Horton / Strahler ordering provides the functionality to derive some key geomorphologic and fractal stream network coefficients, that can be used to examine the hydrologic properties of subcatchments. Once streams have been defined as a specific order, a number of useful parameters and geospatial statistics can be calculated. The most important of these is the bifurcation ratio which is a measure of the relationship between the numbers of streams of different orders. Strahler found that a strong log-normal relationship exists between the logarithms of the number of streams of each order versus stream order. The gradient of this relationship is deemed the bifurcation of the subcatchment. Figure 41 shows the calculation of the bifurcation for the sample stream network illustrated in Figure 25.
Figure 41 : Calculation of Bifurcation Ratio
CatchmentSIM can automatically calculate the bifurcation ratio for the catchment and all subcatchments, as well as a number of related parameters such as Horton drainage density. Interestingly, Strahler's work on topographic maps found strong bifurcation relationships, with bifurcation ratios that were consistently within the range of 3-5. It has been found that CatchmentSIM generated vector stream networks also exhibit this strong relationship, with bifurcation ratios also around this range. This lends weight to the argument that vector stream networks generated over DEMs can closely resemble the fractal nature of natural systems.
One of the unfortunate attributes of all techniques for analysis of stream networks is that most derived parameters are dependent on the SAT value adopted for generation of the stream network. However, it has been found that the bifurcation ratio is not highly dependent on the SAT value used to generate the network. This is illustrated in Figure 42, which shows the bifurcation ratios calculated for two different subcatchments for a range of vector stream networks calculated at different SAT values.
Figure 42 : SAT vs Bifurcation Relationship for Two Subcatchments
Figure 42 shows that there does not appear to be a strong trend in each of the Bifurcation vs SAT plots. This fact is useful because it implies that deviations in bifurcation ratios across subcatchments within a model may convey important information about the hydrologic properties of the subcatchments and not simply be a function of the adopted SAT value.

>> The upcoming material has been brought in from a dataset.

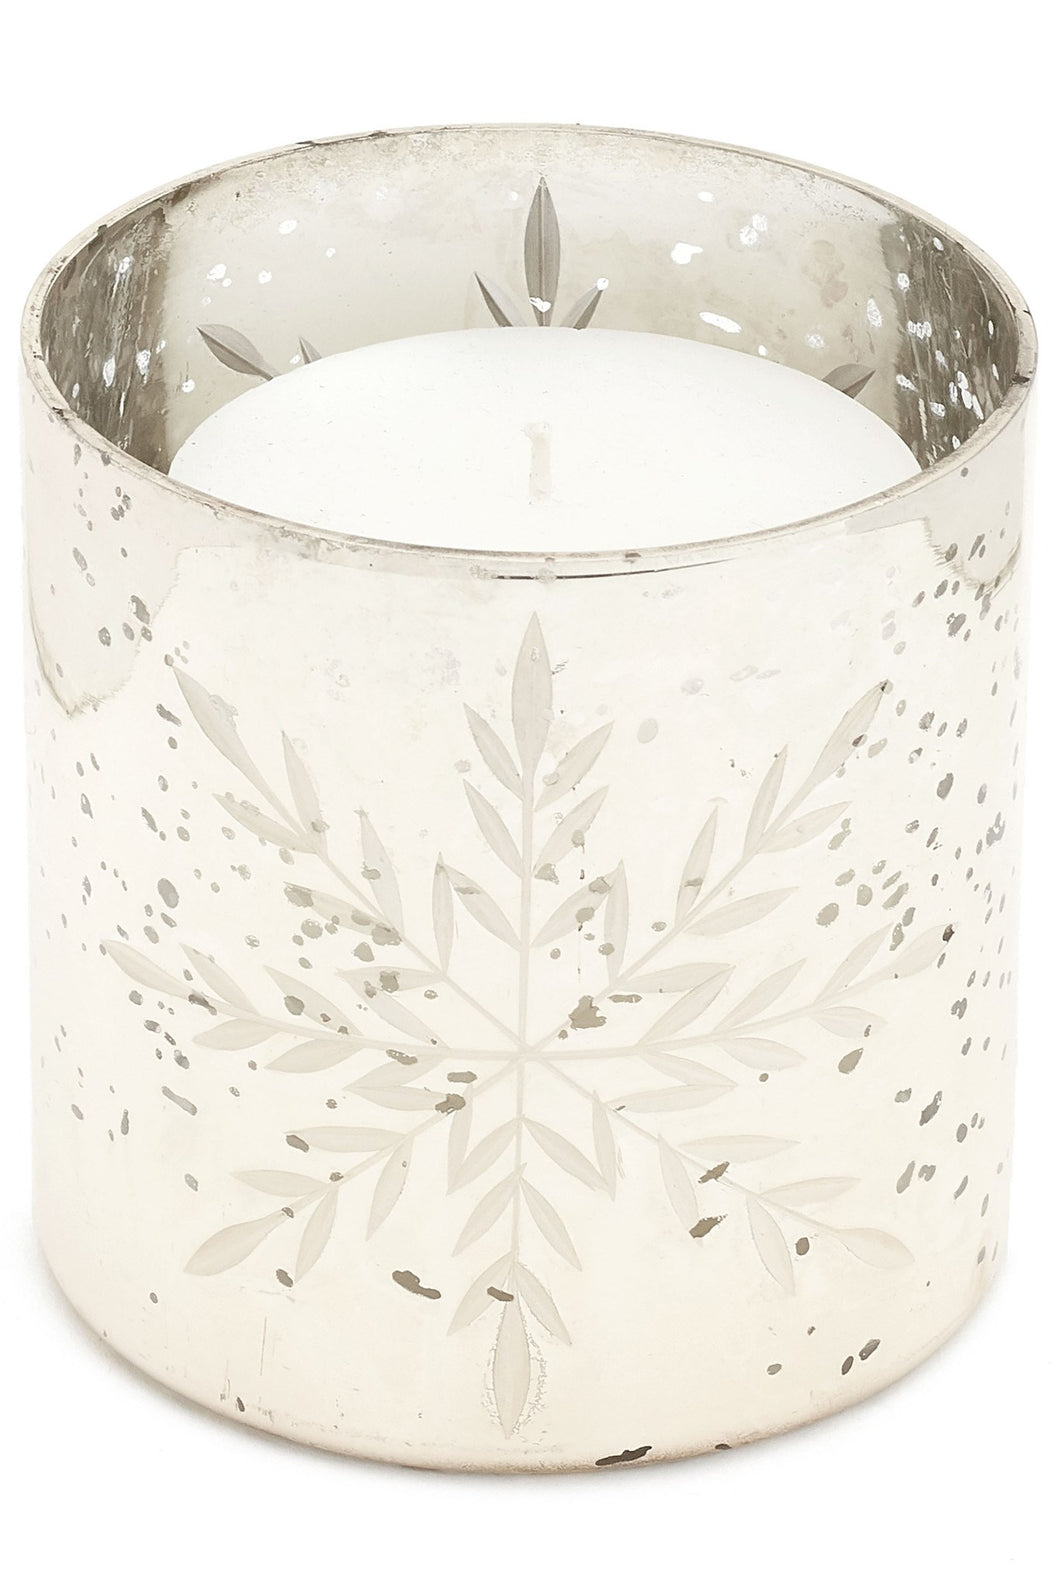 Candle T-Lite Etched Silver Mercury Glass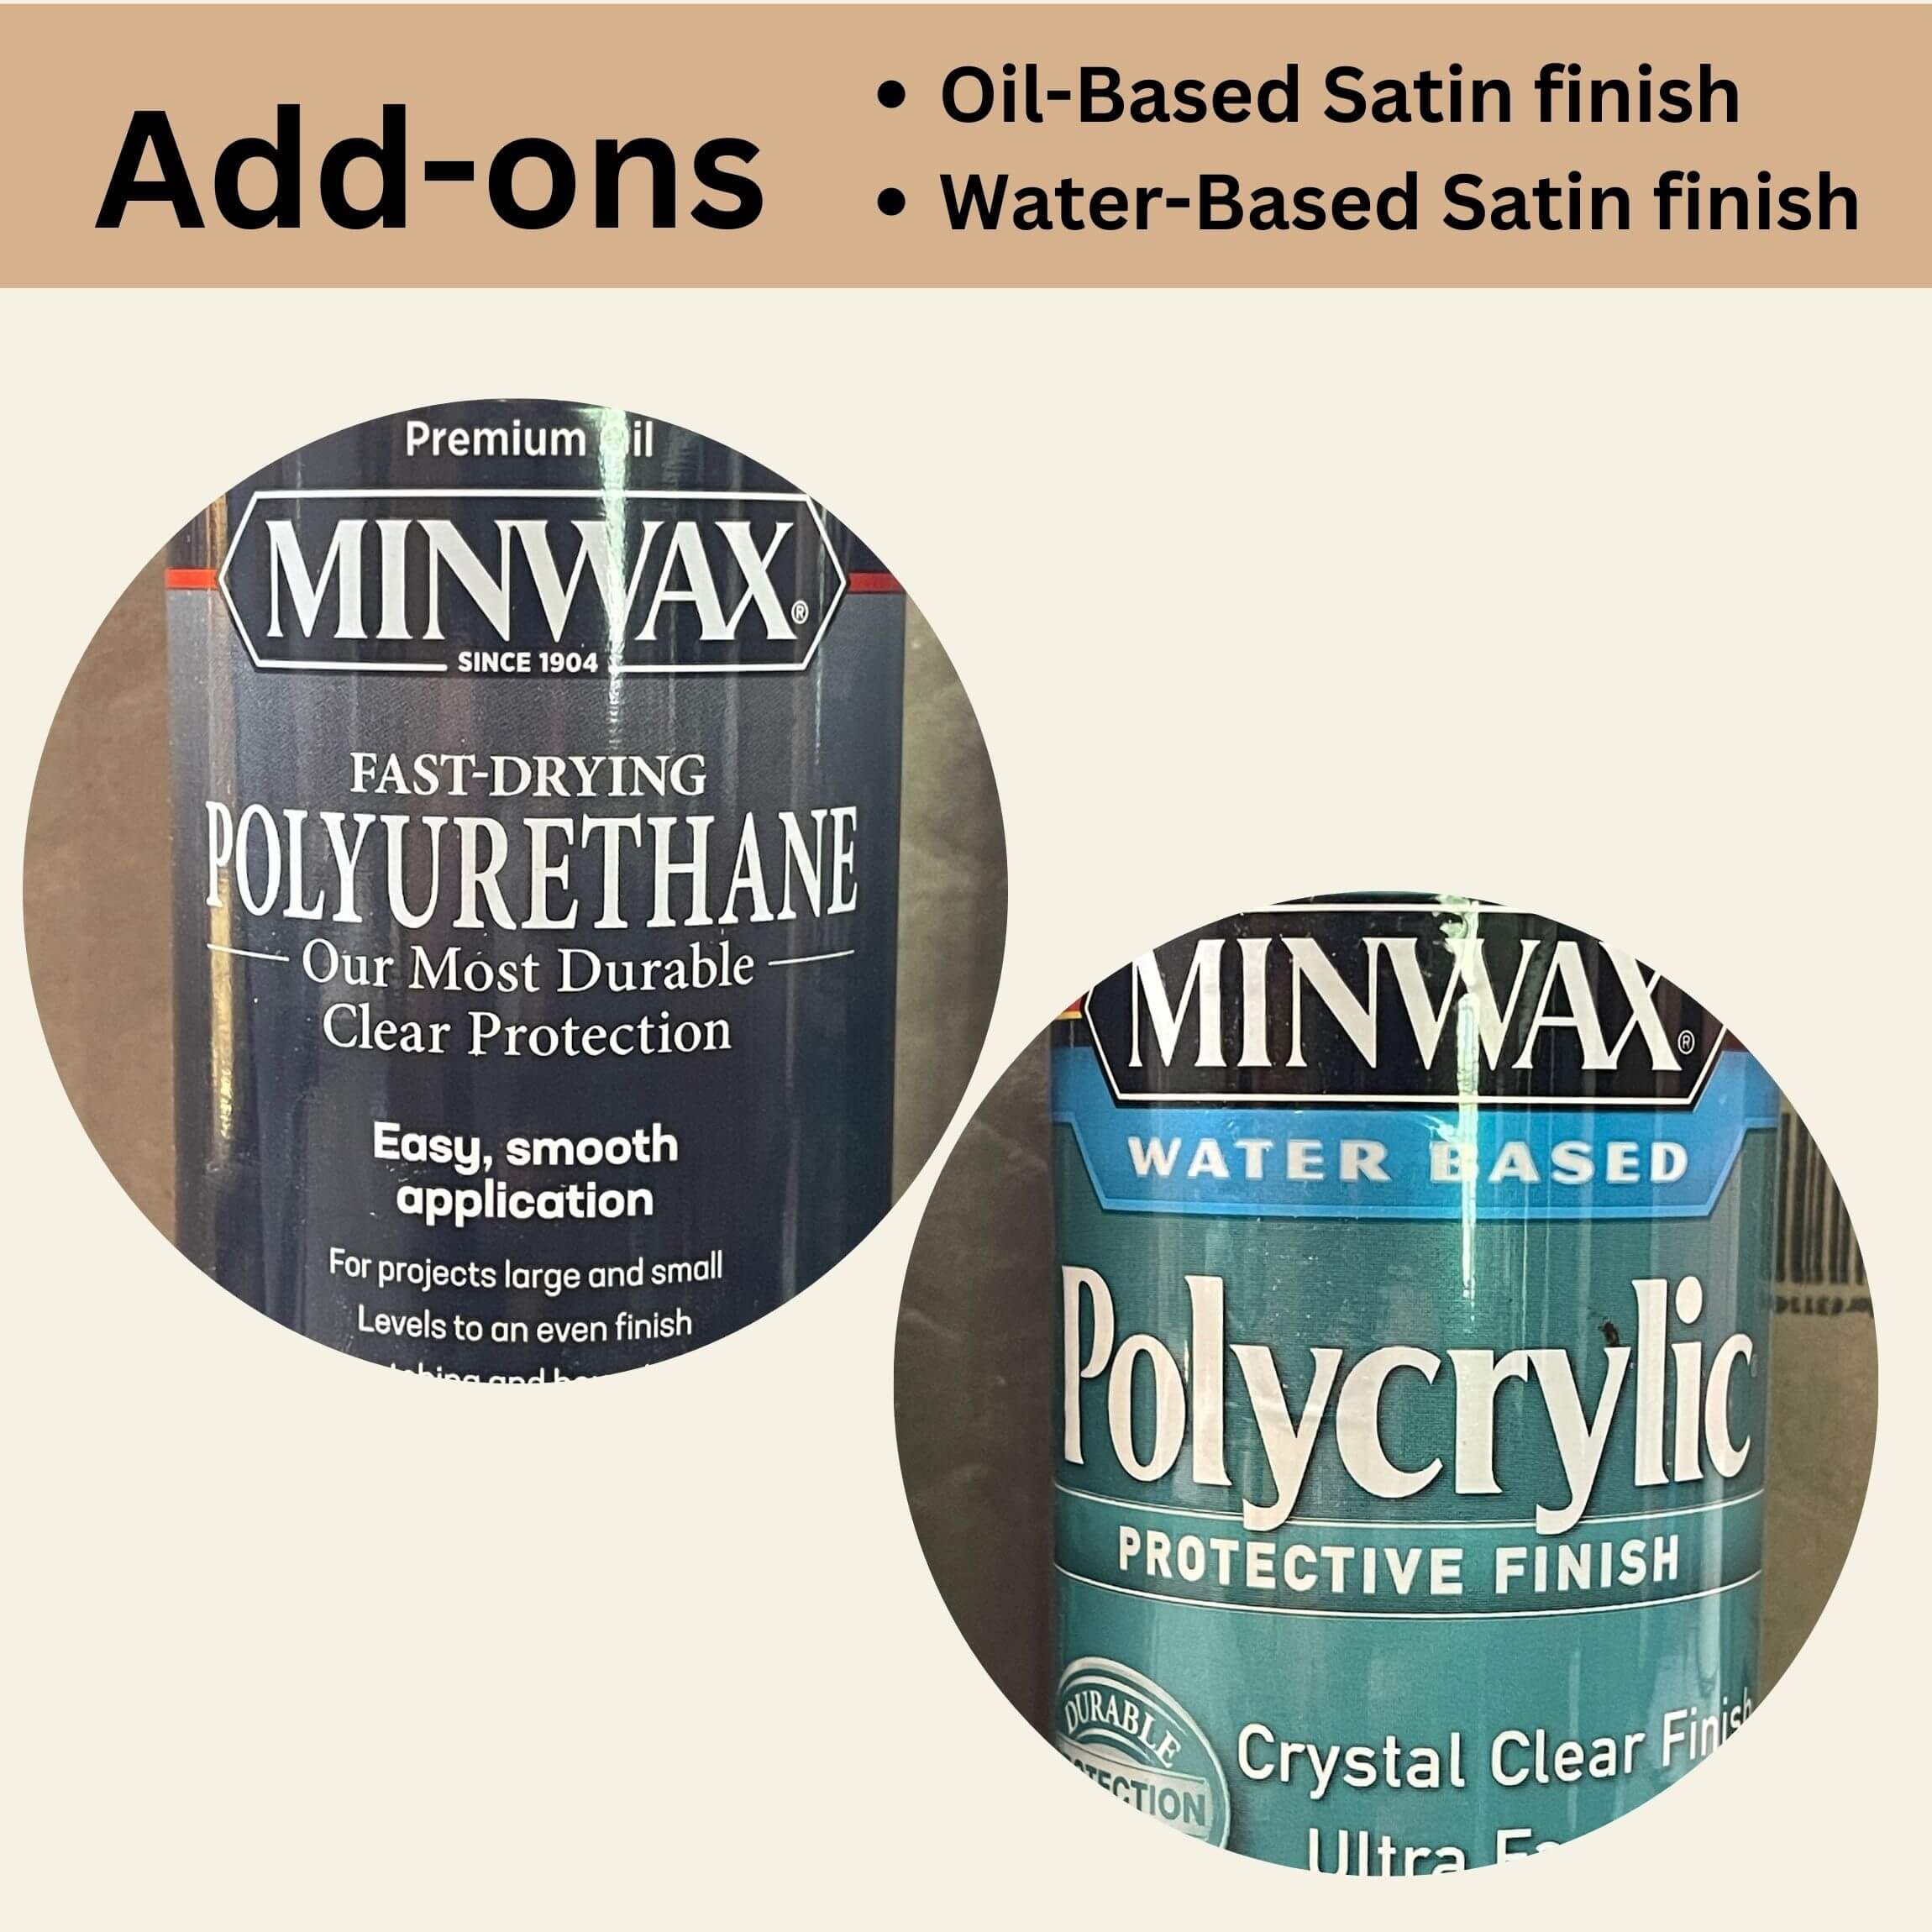 Choose from either a minwax polyurethane finish or a minwax polycrylic finish in addition to the standard no finish option.

For example, in Figure 42, it can be seen that regardless of the SAT value used to generate the vector stream network the bifurcation ratio for subcatchment 2.01 is significantly higher than subcatchment 1.01. The implications of this relationship means that subcatchment 2.01 has a greater proportion of 1st order streams than subcatchment 1.01 (bifurcation plot will be steeper) and the drainage network is more fractal. This information has important hydrologic implications and may mean that subcatchment 2.01 will respond quicker to rainfall and may need to be allocated a smaller lag time or related lag coefficient in any 'downstream' hydrologic or hydraulic model.
This example is presented simply to illustrate some methods of analysis using CatchmentSIM that can provide the basis for assignment of runoff routing parameters in hydrologic models that may be applied. Aside from vector stream network analysis, CatchmentSIM includes a number of other hydrologic analysis tools to help quantify relationships between various subcatchments and even individual pixels.